A Training Framework for Graduate Teaching Assistants in Engineering Programs
Abstract
This project proposes a professional development framework that encompasses multidimensional institutional support to graduate teaching assistants (GTAs) to enhance the level of their pedagogical knowledge and skills. This framework will provide institutional stakeholders with a tool to anticipate the essential needs for GTA support and tailor needed professional development activities to heighten the quality of their undergraduate teaching practices. Many of these GTAs will provide Canada with a pool of future faculty members who will be key players in the national higher education system in the near future; their pedagogical competence will thus be reflected in their teaching and instructional practices.
For the implementation of this project, I ran a training needs assessment, in which I collected data from faculty members and students using a faculty survey and faculty, undergraduate and graduate student interviews. The needs assessment showed a wide spectrum of training needs: learning and assessment theories, evaluation techniques, language barriers, cultural differences, communication skills, stage fright, and professionalism.

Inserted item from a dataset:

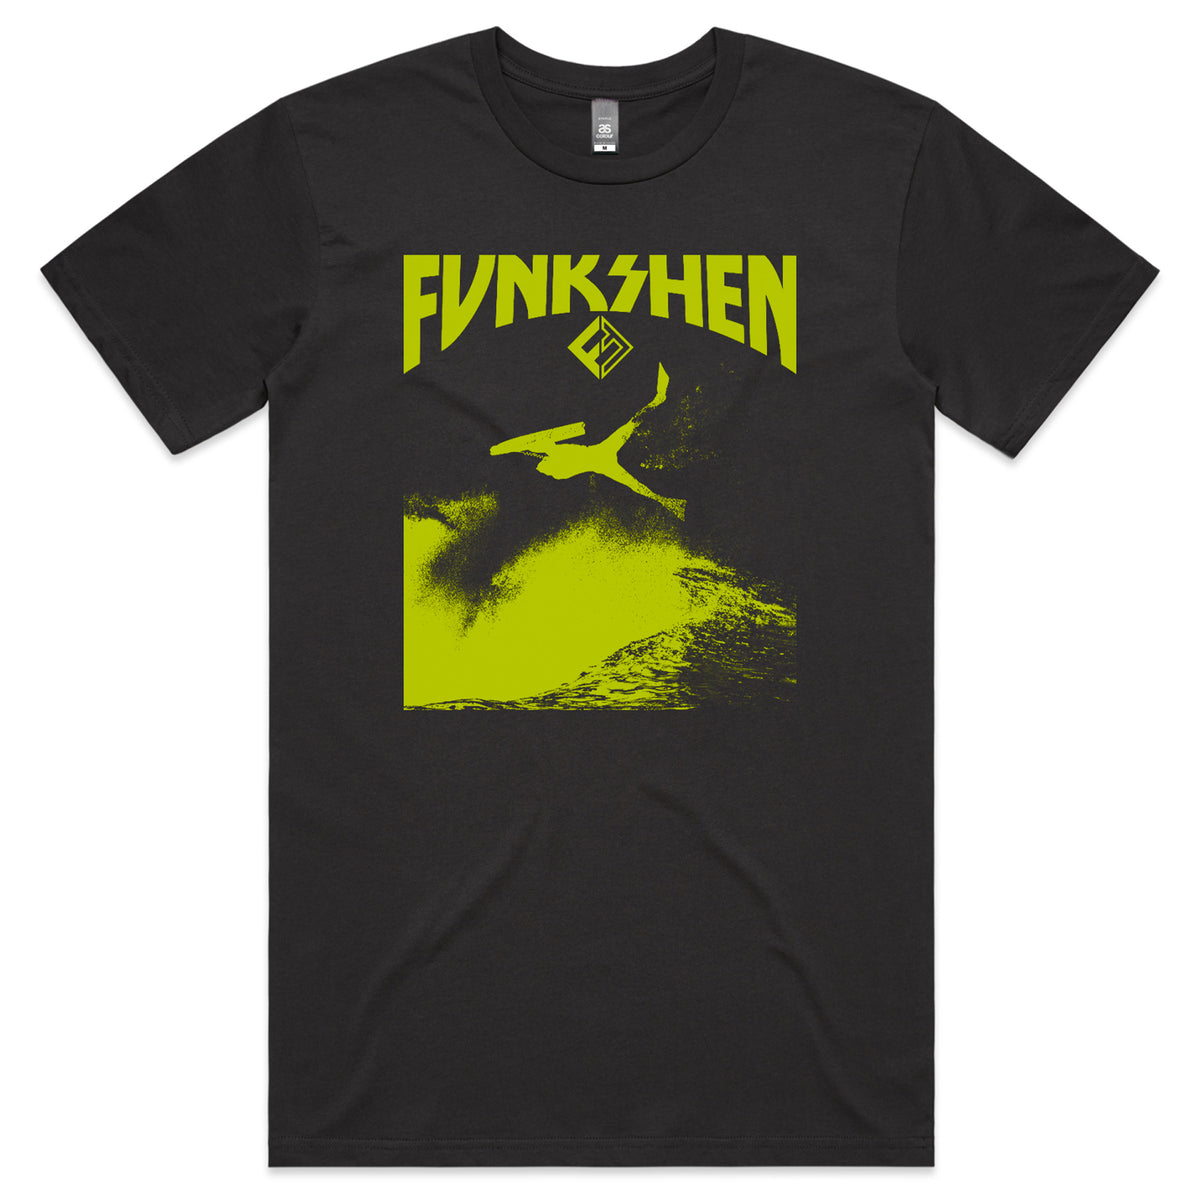 Funkshen INVERT T-Shirt - Coal

Informed by the training needs assessment and the available literature on the pedagogical professional development of GTAs, I developed a multidimensional framework, Teaching Assistants Professional Development (TAPD) program, which was adapted from Bronfenbrenner’s ecological theory. This model eencompasses five dimensions: individual, microsystem, mesosystem, exosystem, and macrosystem. The proposed framework identifies the pedagogical needs of GTAs and provides tools for meeting these needs in order to enhance the quality of undergraduate teaching practices and responsibilities.

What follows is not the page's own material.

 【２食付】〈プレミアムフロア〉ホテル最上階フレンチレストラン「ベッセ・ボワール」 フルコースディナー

Mapping TAPD to the institutional available training options showed a need for departmental training programs that support the GTAs’ pedagogical content knowledge in a relatively short period of time and starts a community of practice among the GTAs. The project was implemented for two consecutive years in four departments, and plans for future trainings are laid. The main limitation of disseminating these departmental training programs is the financial commitment the departments must incur to have it as a mandatory training.
I appended this project document with a bibliography that includes a comprehensive collection of seminal work that tackles different perspectives of teaching assistants’ professional development.